* _Data under study_
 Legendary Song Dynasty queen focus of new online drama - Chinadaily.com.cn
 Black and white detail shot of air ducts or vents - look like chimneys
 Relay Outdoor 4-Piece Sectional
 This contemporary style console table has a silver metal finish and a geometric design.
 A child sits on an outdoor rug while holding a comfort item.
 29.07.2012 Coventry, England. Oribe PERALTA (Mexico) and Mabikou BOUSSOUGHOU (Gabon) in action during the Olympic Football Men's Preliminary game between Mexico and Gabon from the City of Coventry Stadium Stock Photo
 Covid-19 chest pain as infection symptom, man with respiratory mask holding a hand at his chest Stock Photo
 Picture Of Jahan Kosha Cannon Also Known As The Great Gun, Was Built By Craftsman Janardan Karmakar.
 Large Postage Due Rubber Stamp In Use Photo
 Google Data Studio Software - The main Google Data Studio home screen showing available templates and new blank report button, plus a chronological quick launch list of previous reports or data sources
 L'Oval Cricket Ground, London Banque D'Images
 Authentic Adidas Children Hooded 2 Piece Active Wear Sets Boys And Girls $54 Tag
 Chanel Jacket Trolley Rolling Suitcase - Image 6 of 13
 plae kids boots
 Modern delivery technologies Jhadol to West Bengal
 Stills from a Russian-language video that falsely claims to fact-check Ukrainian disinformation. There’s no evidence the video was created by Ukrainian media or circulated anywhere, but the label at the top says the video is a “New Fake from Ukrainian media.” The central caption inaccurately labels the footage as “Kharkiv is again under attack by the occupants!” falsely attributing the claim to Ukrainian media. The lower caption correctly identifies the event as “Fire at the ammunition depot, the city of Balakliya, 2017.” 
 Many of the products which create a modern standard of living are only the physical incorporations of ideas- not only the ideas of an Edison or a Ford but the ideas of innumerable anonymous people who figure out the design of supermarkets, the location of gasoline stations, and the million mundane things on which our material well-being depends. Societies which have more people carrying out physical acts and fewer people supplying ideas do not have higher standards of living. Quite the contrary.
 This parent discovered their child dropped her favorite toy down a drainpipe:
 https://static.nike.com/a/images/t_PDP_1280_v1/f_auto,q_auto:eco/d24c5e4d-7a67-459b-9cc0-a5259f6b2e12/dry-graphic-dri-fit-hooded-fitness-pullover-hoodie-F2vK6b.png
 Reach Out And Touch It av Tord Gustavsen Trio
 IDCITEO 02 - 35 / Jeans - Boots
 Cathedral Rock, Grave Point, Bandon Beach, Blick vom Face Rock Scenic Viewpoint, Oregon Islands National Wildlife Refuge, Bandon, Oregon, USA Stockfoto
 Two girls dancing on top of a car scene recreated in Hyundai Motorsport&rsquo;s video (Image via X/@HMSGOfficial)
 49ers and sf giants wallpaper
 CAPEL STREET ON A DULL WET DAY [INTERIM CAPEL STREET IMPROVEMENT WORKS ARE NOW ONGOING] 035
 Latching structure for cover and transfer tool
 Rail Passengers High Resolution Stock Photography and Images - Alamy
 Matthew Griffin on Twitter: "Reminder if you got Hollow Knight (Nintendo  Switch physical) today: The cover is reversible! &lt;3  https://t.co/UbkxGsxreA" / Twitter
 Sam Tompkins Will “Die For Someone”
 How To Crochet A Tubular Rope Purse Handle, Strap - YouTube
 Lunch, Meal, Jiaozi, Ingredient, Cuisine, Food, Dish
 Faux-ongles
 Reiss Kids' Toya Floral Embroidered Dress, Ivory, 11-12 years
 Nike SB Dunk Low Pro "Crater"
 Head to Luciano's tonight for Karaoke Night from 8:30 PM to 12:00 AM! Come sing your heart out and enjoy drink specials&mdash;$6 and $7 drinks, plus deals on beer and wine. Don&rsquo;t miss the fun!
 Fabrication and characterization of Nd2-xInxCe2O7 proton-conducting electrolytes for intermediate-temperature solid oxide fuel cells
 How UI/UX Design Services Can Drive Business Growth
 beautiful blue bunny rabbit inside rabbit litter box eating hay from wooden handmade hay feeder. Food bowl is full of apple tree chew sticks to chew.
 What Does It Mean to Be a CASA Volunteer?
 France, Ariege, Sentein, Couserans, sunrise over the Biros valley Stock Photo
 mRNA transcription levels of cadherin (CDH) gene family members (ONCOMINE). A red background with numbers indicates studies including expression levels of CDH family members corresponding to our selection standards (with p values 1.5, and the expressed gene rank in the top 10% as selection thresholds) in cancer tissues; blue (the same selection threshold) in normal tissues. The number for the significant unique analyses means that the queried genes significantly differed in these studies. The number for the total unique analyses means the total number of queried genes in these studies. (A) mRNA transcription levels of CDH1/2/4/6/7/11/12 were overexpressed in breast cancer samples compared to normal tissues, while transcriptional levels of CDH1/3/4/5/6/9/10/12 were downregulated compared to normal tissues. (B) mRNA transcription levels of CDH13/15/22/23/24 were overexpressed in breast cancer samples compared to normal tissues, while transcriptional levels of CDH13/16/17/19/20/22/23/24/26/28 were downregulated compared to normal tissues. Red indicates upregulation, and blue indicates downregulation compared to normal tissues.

* _Task instructions_
Beginning at the line above with "Nike SB Dunk" and finishing at the line with "France, Ariege, Sentein, Couserans, sunrise", return each line exactly and return nothing else.

* _Written answer_
 Nike SB Dunk Low Pro "Crater"
 Head to Luciano's tonight for Karaoke Night from 8:30 PM to 12:00 AM! Come sing your heart out and enjoy drink specials&mdash;$6 and $7 drinks, plus deals on beer and wine. Don&rsquo;t miss the fun!
 Fabrication and characterization of Nd2-xInxCe2O7 proton-conducting electrolytes for intermediate-temperature solid oxide fuel cells
 How UI/UX Design Services Can Drive Business Growth
 beautiful blue bunny rabbit inside rabbit litter box eating hay from wooden handmade hay feeder. Food bowl is full of apple tree chew sticks to chew.
 What Does It Mean to Be a CASA Volunteer?
 France, Ariege, Sentein, Couserans, sunrise over the Biros valley Stock Photo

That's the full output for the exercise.